Mandi: A research team from the Indian Institute of Technology Mandi, led by Dr. Venkata Krishnan, Associate Professor, School of Basic Sciences, in collaboration with researchers from Indian Institute of Technology Ropar, is working towards the development of environmentally safe and cost-efficient catalysts that enable industrial chemical reactions. A catalyst is a substance that can be added to a reaction to increase the reaction rate without getting consumed in the process. The team has recently developed a heterogeneous catalyst based on easily available carbon, for hydrogenation – a class of reactions extensively used in the chemical industry.

The results of the work have been published in the prestigious journal, Green Chemistry, published by the Royal Chemical Society. The paper has been co-authored by Dr. Venkata Krishnan along with his research scholars, Ms. Priyanka Choudhary, Dr. Ashish Bahuguna, and Mr. Ajay Kumar from IIT Mandi, and Dr. C. M. Nagaraja, Associate Professor, Department of Chemistry, IIT Ropar, and his research scholar, Mr. Sandeep Singh Dhankhar.
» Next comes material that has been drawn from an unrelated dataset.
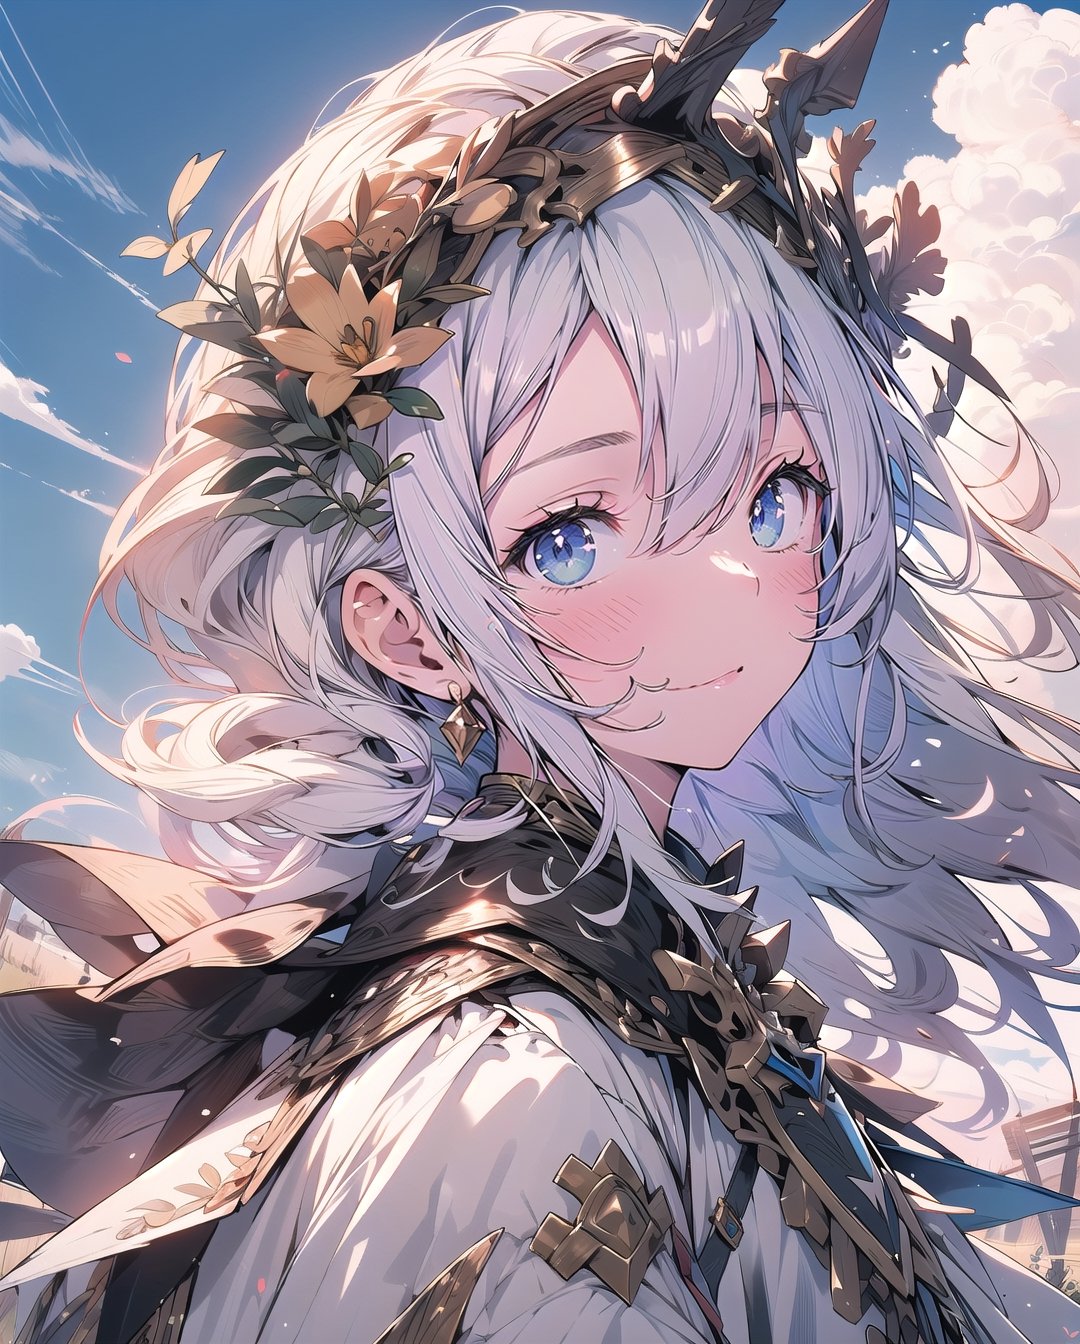 granblue_fantasy, medieval, fantasy, (blue sky and white clouds background), 1 male knight on the left, 1 female knight on the right, outdoors, open grassland, symmetrical composition, low-angle shooting, zoom in, the most beautiful image I have ever seen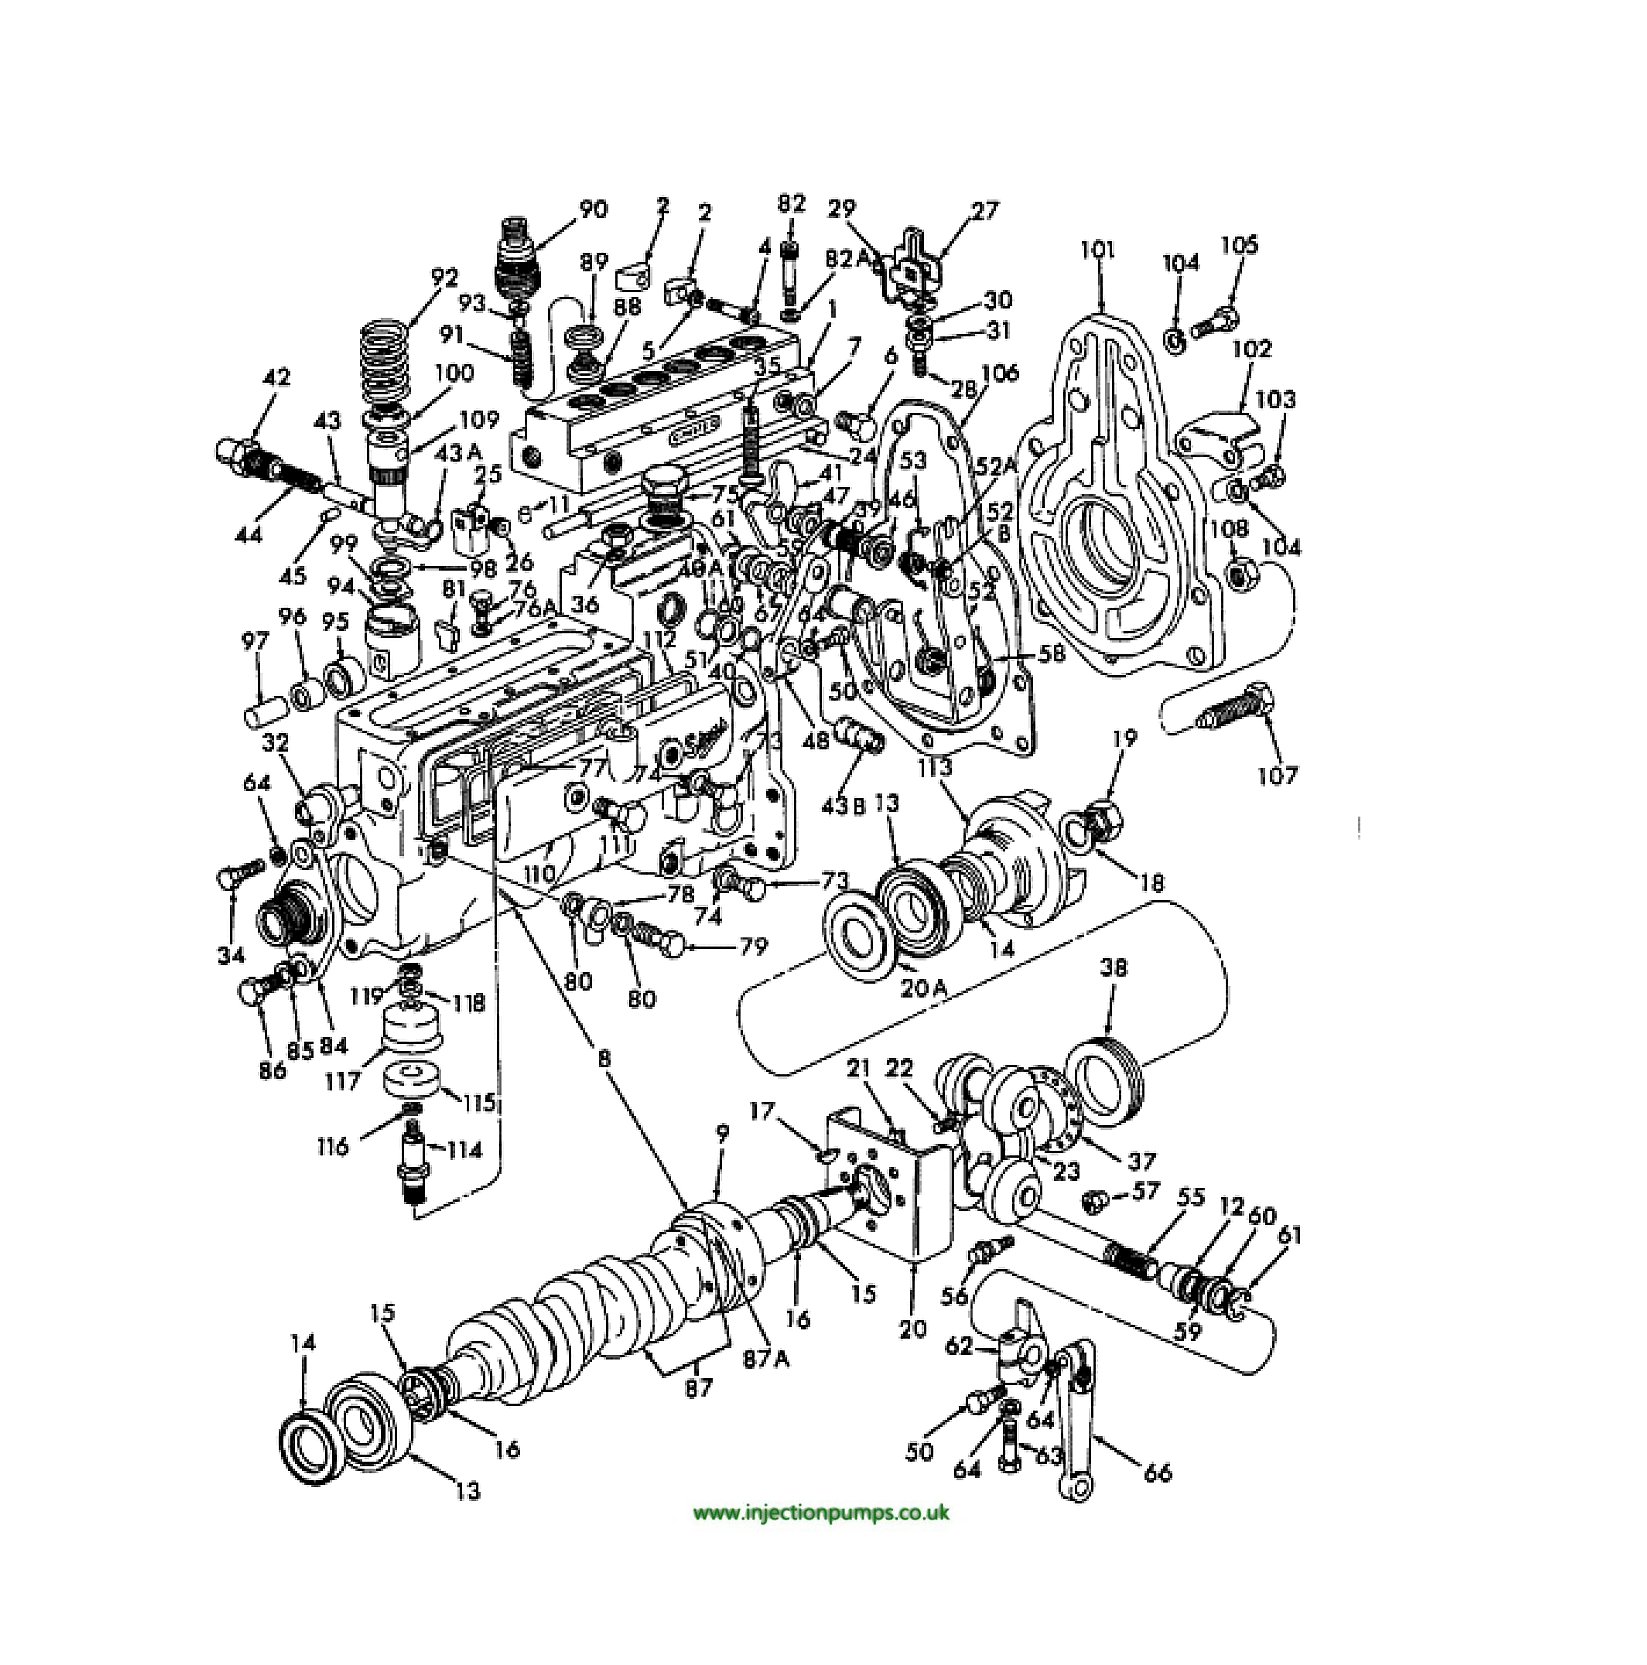 Exploded diagrams - Diesel Injection Pumps ford tractor injector pump diagram

“We cannot overestimate the practical importance of catalysis”, says Dr. Venkata Krishnan, “almost all synthetic products we use in civilised life now relies on industrial preparations, which in turn make use of catalysts.” Catalysts hasten or enable otherwise difficult reactions and help in increasing the yield or rate of formation of the needed products. With increasing concerns about the environmental effects of industrial chemical reactions, there is a heightened need to develop green catalysts – catalysts that do not add significantly to the environmental pollution issues that are usually associated with industrial processes.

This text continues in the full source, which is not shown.